**What to do**
Nothing outside the range is wanted. Repeat exactly the lines below from the one with "Absolute and relative" through the one with "steps to reaching".

[Data entries]
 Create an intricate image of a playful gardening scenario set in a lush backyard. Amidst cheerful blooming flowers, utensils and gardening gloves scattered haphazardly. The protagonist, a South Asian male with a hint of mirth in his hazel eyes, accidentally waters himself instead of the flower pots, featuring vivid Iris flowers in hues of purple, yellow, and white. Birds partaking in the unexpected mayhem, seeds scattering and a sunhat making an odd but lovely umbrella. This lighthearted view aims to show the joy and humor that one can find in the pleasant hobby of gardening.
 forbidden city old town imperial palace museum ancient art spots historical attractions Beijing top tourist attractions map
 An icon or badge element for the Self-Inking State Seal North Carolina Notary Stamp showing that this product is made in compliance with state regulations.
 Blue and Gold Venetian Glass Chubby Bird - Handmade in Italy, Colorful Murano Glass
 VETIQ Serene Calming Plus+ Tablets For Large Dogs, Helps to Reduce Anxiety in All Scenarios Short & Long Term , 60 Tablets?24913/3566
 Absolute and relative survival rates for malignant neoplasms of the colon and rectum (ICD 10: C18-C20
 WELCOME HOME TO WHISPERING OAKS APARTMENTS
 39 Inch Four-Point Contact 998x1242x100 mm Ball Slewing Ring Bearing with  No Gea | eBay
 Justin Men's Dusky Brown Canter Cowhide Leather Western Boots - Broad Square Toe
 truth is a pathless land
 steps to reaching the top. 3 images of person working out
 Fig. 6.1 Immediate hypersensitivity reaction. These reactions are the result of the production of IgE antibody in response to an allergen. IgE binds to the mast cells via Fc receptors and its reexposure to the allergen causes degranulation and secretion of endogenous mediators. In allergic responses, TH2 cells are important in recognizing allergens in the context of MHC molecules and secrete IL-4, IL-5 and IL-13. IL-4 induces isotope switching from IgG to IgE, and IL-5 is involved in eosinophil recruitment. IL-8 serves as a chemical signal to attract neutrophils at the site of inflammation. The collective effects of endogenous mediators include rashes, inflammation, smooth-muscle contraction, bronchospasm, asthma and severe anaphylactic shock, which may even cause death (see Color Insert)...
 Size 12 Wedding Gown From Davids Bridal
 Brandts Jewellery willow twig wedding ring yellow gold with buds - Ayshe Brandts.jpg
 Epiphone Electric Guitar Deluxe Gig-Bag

**Completed exercise**
 Absolute and relative survival rates for malignant neoplasms of the colon and rectum (ICD 10: C18-C20
 WELCOME HOME TO WHISPERING OAKS APARTMENTS
 39 Inch Four-Point Contact 998x1242x100 mm Ball Slewing Ring Bearing with  No Gea | eBay
 Justin Men's Dusky Brown Canter Cowhide Leather Western Boots - Broad Square Toe
 truth is a pathless land
 steps to reaching the top. 3 images of person working out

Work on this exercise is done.